> [YOUR ASSIGNMENT] An exact transcription is needed of the lines below from the one with "Southern Maryland Wedding" through the one with "Fresh fennel bulb", with no other lines and no pictures.

> [DATA TO EXAMINE]
=-=-=

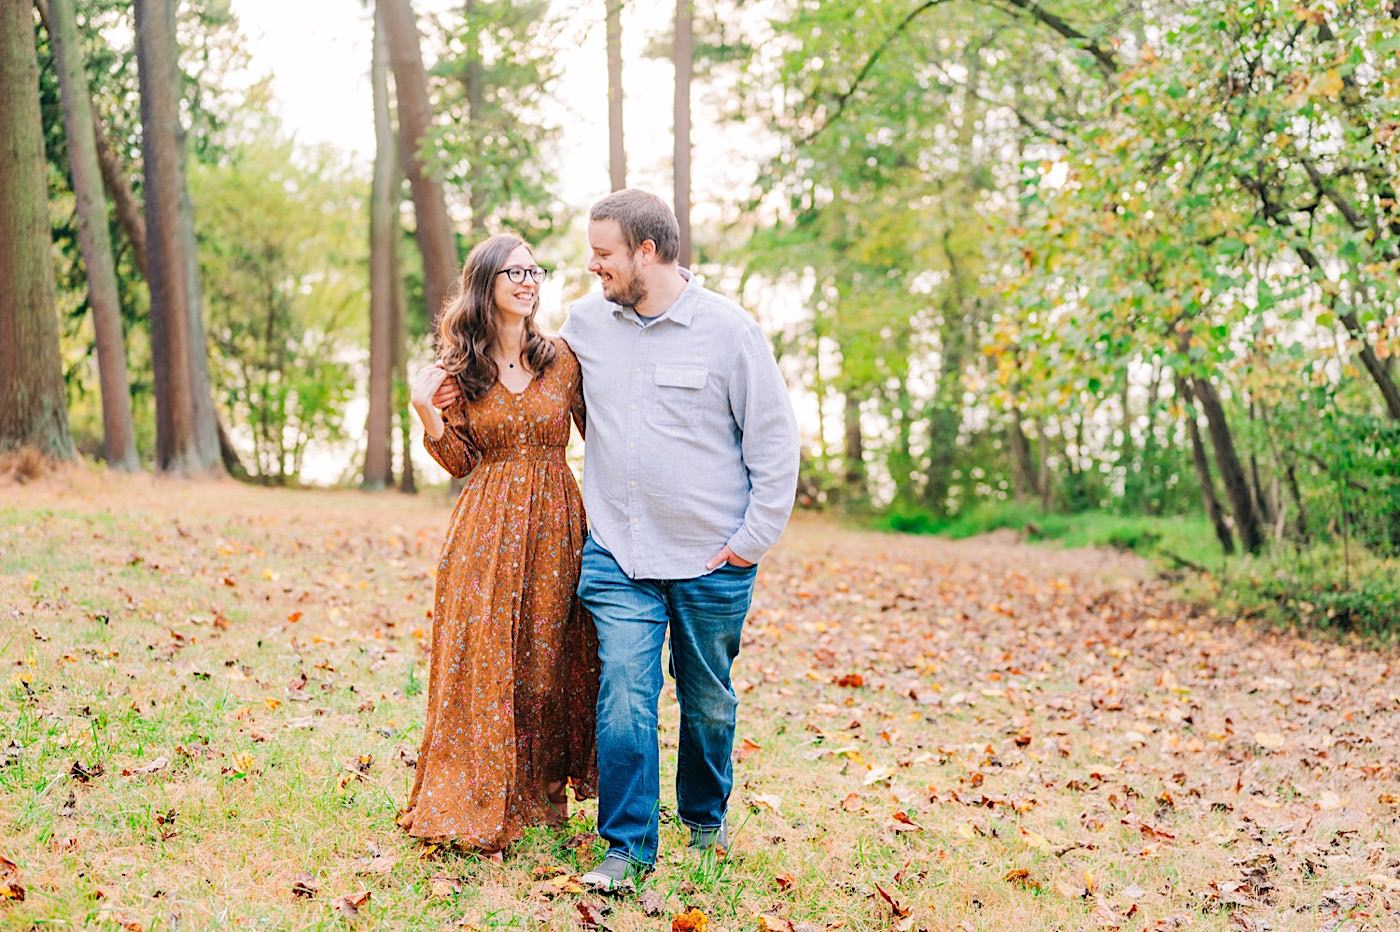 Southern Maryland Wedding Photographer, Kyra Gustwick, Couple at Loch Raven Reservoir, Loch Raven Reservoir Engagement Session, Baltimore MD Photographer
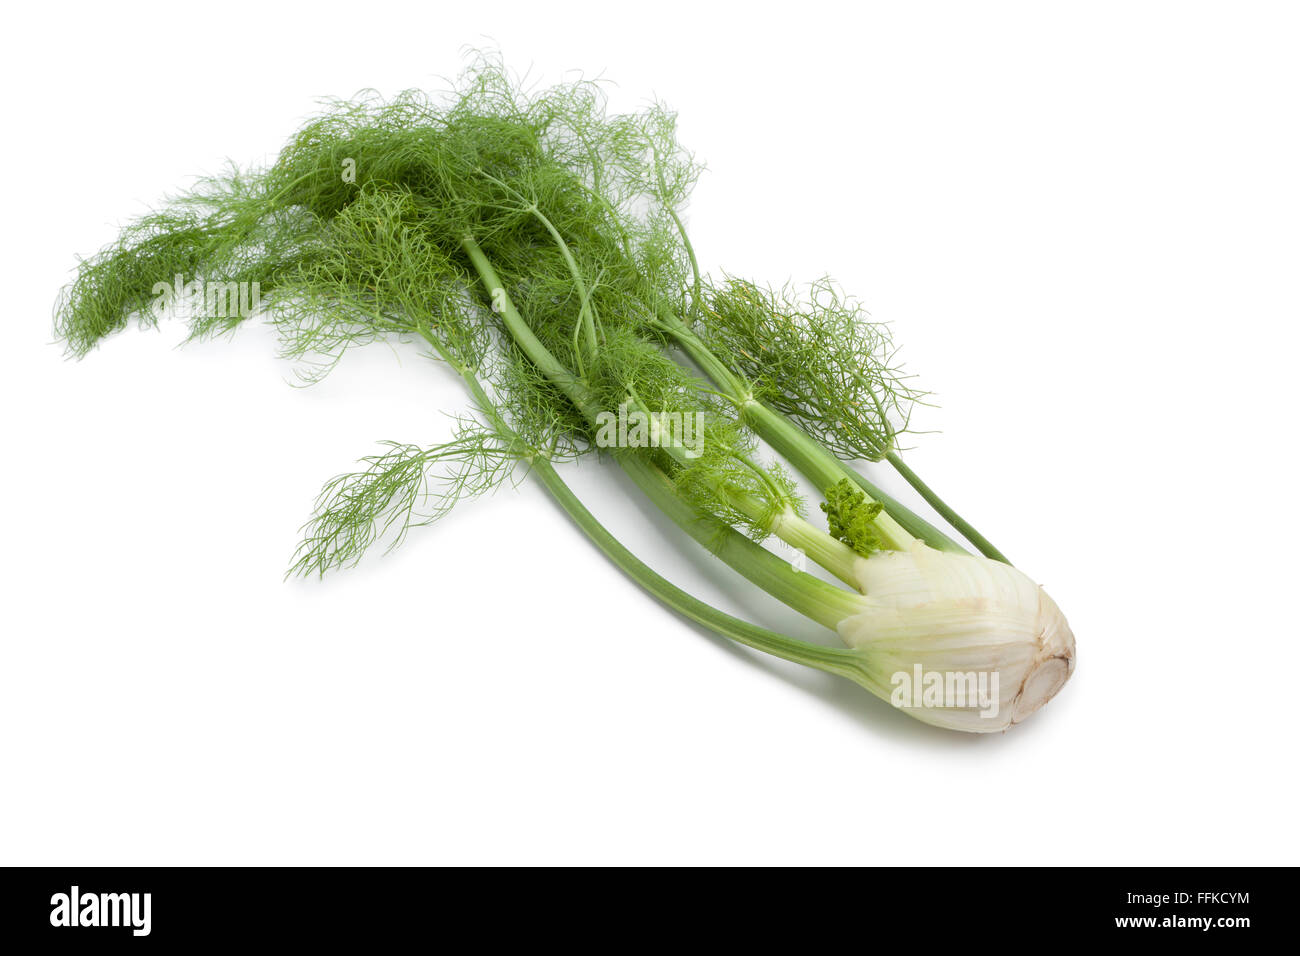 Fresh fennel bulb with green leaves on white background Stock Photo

=-=-=

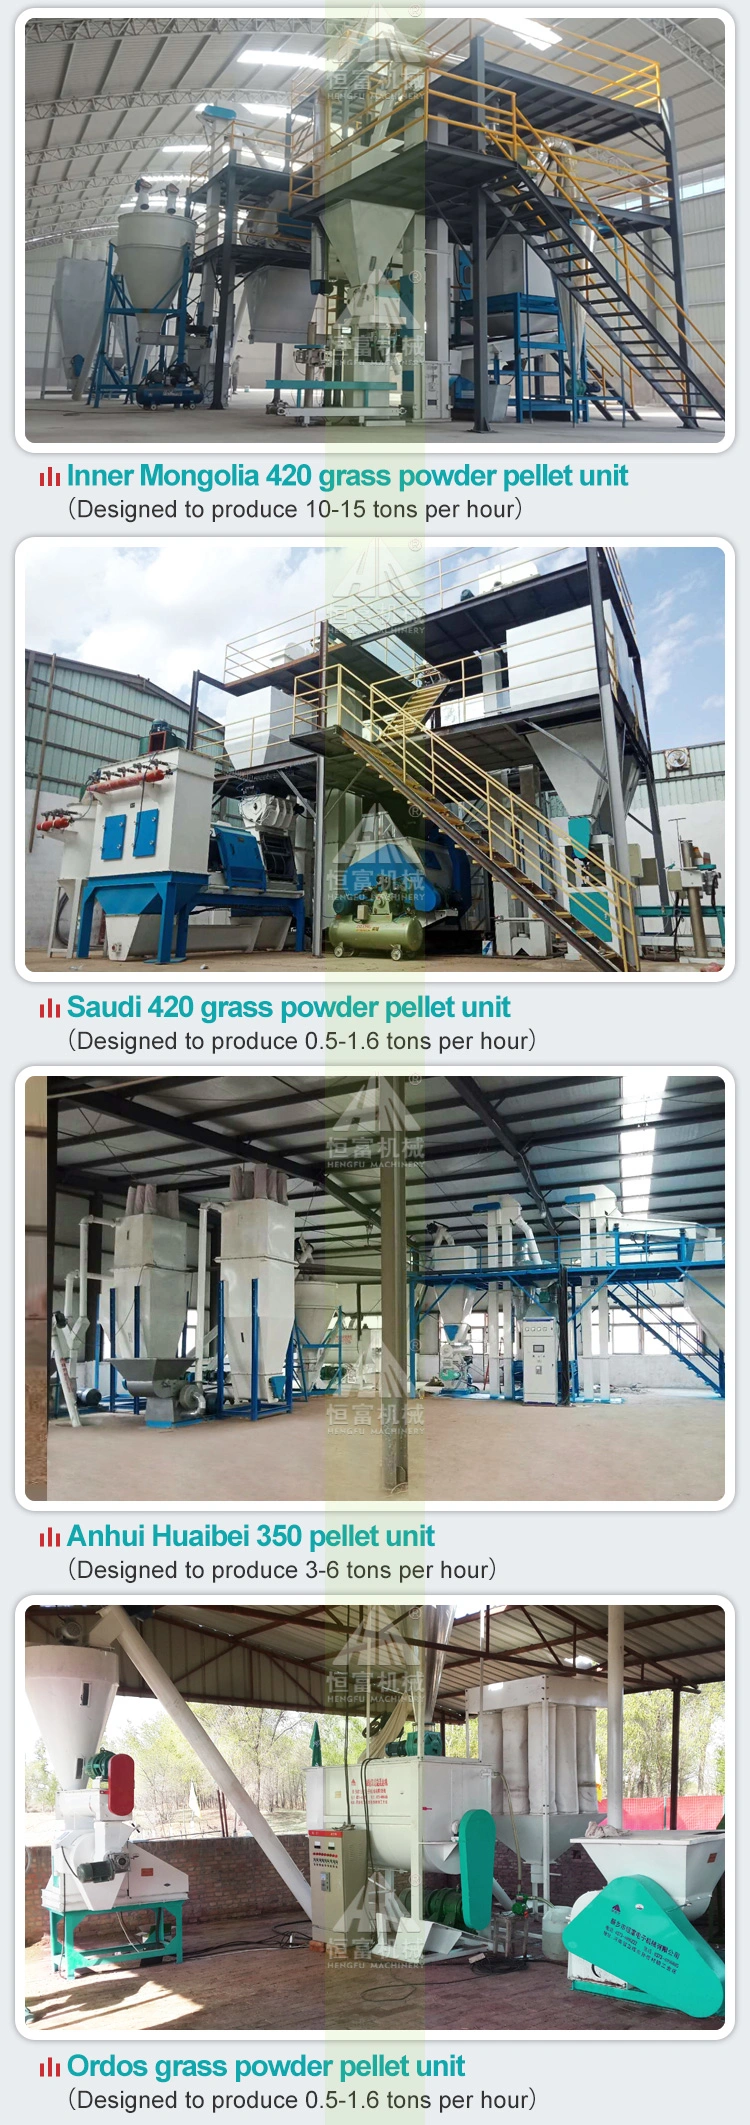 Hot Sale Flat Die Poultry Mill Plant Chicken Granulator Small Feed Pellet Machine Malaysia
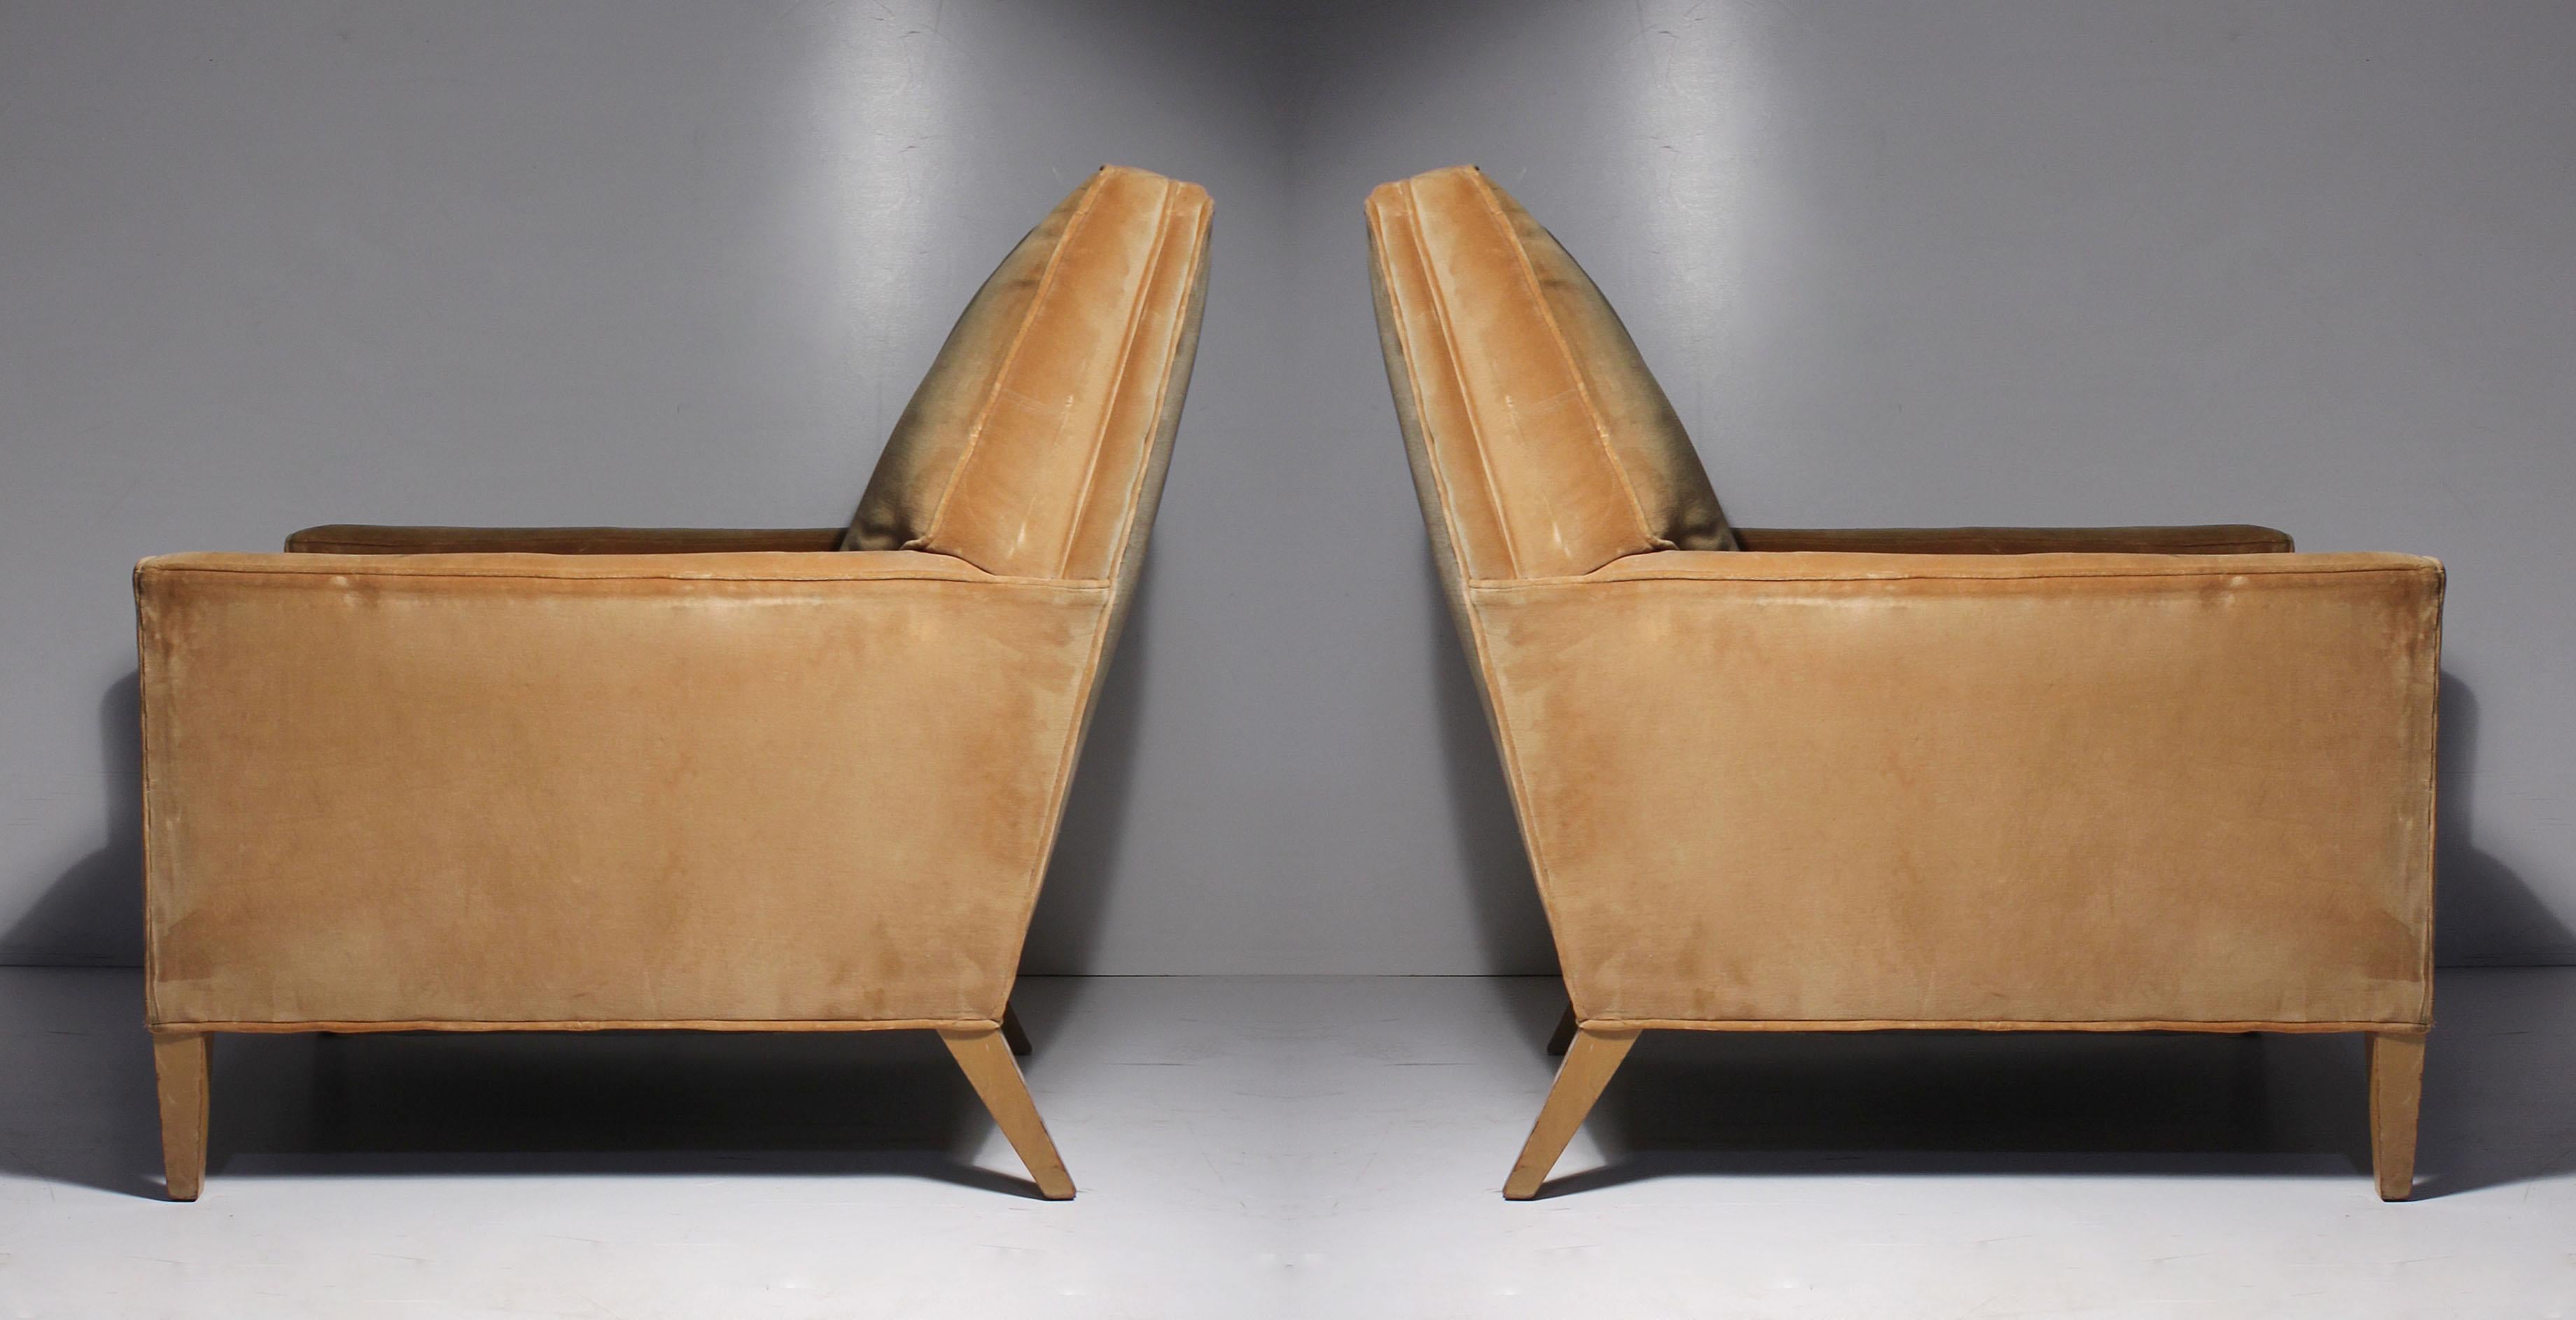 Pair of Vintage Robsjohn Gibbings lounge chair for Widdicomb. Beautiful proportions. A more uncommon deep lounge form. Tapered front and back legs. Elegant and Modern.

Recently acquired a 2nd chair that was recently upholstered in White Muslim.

=-=-=

> [TASK RESPONSE]
 Southern Maryland Wedding Photographer, Kyra Gustwick, Couple at Loch Raven Reservoir, Loch Raven Reservoir Engagement Session, Baltimore MD Photographer
 Fresh fennel bulb with green leaves on white background Stock Photo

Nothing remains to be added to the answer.